Issuing a command to compact its data store during a rolling upgrade renders the Ceph monitors unresponsive. To avoid this behaviour, skip the command to compact the data store during a rolling upgrade. As a result, the Ceph monitors are responsive.
Description of problem:
=======================
When cluster have more than one monitor rolling update gets hung in task 'compress the store as much as possible' for second monitor node
Version-Release number of selected component (if applicable):
==============================================================
update from 10.2.2-38.el7cp.x86_64 to 10.2.2-39.el7cp.x86_64
How reproducible:
=================
always
Steps to Reproduce:
===================
1. Create a cluster via ceph-ansible having 3 MON, 3 OSD and 1 RGW node (10.2.2-38.el7cp.x86_64)
[root@magna044 ceph-ansible]# cat /etc/ansible/hosts
[mons]
magna078
magna084
magna085
[osds]
magna090
magna091
magna085
[rgws]
magna094
2. create repo fie on all nodes which points to 10.2.2-39.el7cp.x86_64 bits
3. Change the value of 'serial:' to adjust the number of server to be updated.

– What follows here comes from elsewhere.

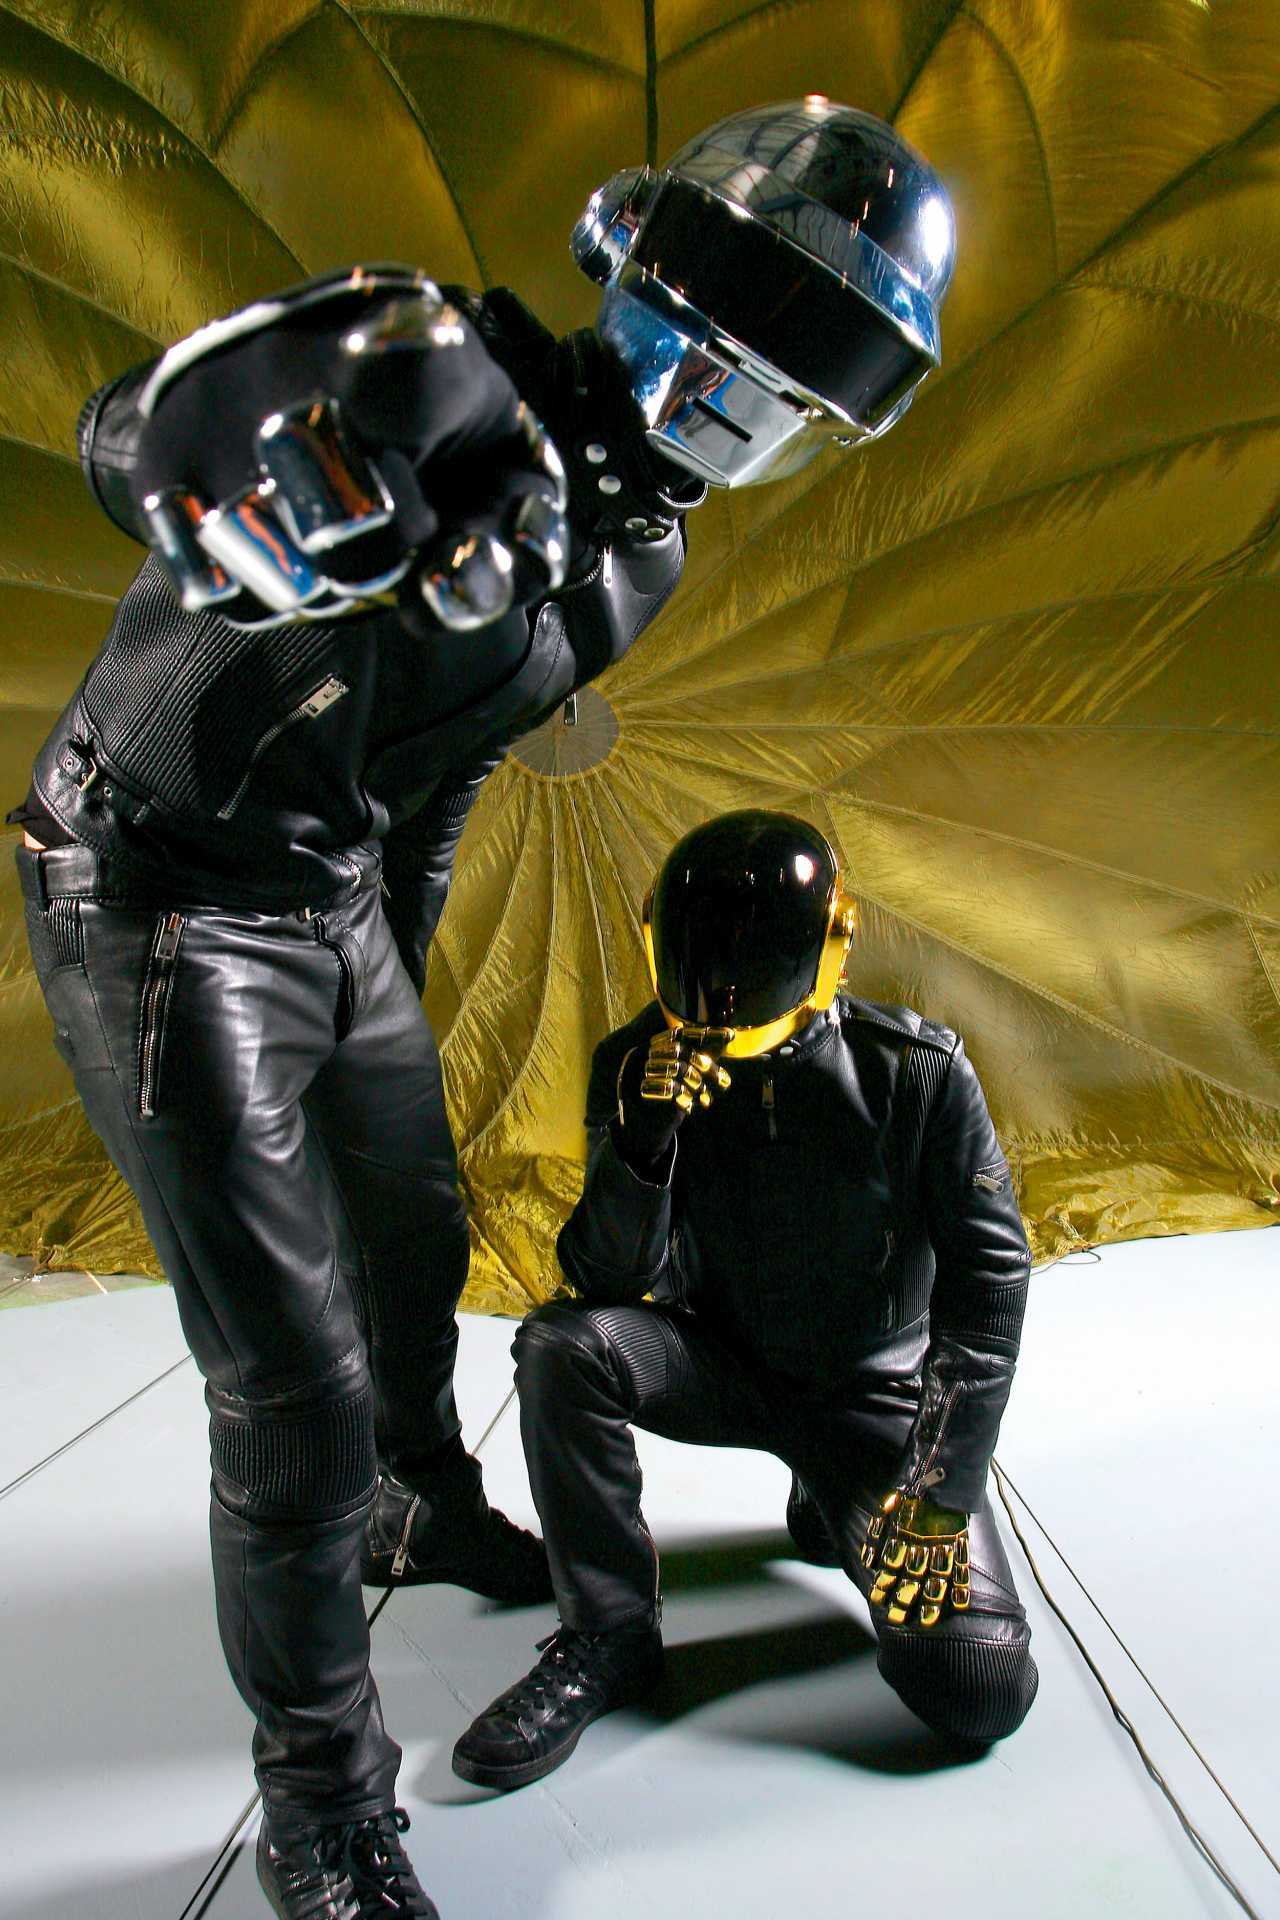 Daft Punk photographed by Mick Rock
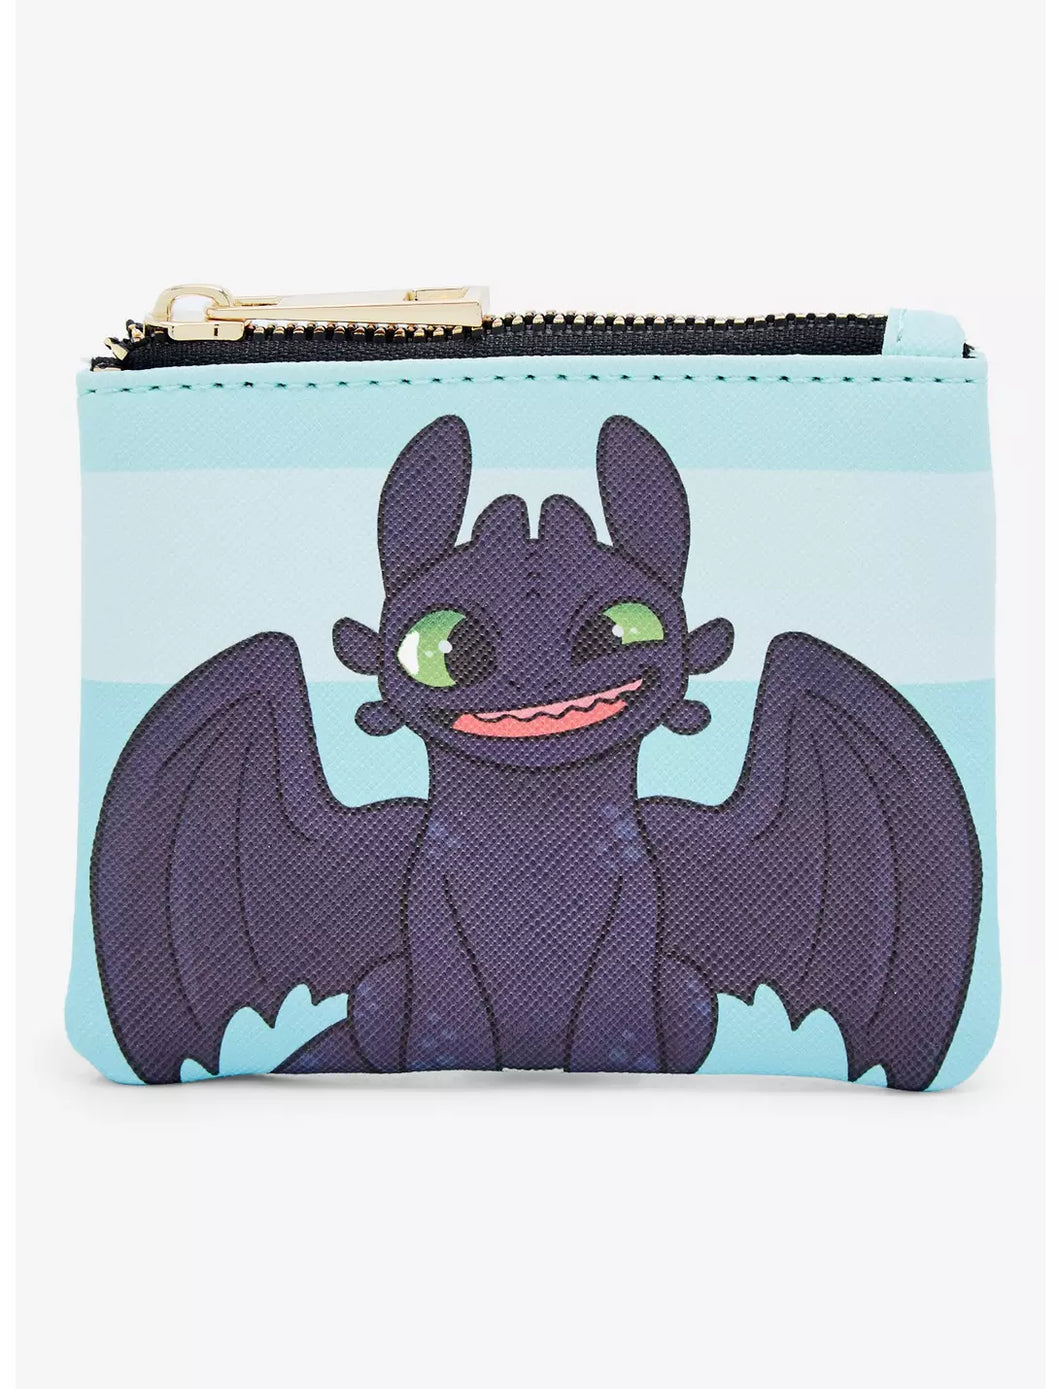 How to Train Your Dragon Wallet Toothless Smile Bioworld

4. use rolling_update.yml to update all nodes
Actual results:
===============
[root@magna044 ceph-ansible]# ansible-playbook rolling_update.yml
Are you sure you want to upgrade the cluster? [no]: yes
PLAY [confirm whether user really meant to upgrade the cluster] ***************
GATHERING FACTS ***************************************************************
ok: [localhost]
TASK: [exit playbook, if user did not mean to upgrade cluster] ****************
skipping: [localhost]
PLAY [mons;osds;mdss;rgws] ****************************************************
GATHERING FACTS ***************************************************************
ok: [magna084]
ok: [magna078]
ok: [magna085]
ok: [magna091]
ok: [magna090]
ok: [magna094]
TASK: [debug msg="gather facts on all Ceph hosts for following reference"] ****
ok: [magna078] => {
"msg": "gather facts on all Ceph hosts for following reference"
}
ok: [magna084] => {
"msg": "gather facts on all Ceph hosts for following reference"
}
ok: [magna085] => {
"msg": "gather facts on all Ceph hosts for following reference"
}
ok: [magna094] => {
"msg": "gather facts on all Ceph hosts for following reference"
}
ok: [magna090] => {
"msg": "gather facts on all Ceph hosts for following reference"
}
ok: [magna091] => {
"msg": "gather facts on all Ceph hosts for following reference"
}
TASK: [check if sysvinit] *****************************************************
ok: [magna084]
ok: [magna090]
ok: [magna091]
ok: [magna078]
ok: [magna085]
ok: [magna094]
TASK: [check if upstart] ******************************************************
ok: [magna084]
ok: [magna078]
ok: [magna090]
ok: [magna085]
ok: [magna091]
ok: [magna094]
TASK: [check if systemd] ******************************************************
changed: [magna090]
changed: [magna084]
changed: [magna085]
changed: [magna078]
changed: [magna094]
changed: [magna091]
PLAY [mons] *******************************************************************
GATHERING FACTS ***************************************************************
ok: [magna084]
ok: [magna078]
ok: [magna085]
TASK: [compress the store as much as possible] ********************************
changed: [magna078]
Expected results:
=================
IT should update all nodes
Additional info:
Can you give me the state of the cluster prior to run this?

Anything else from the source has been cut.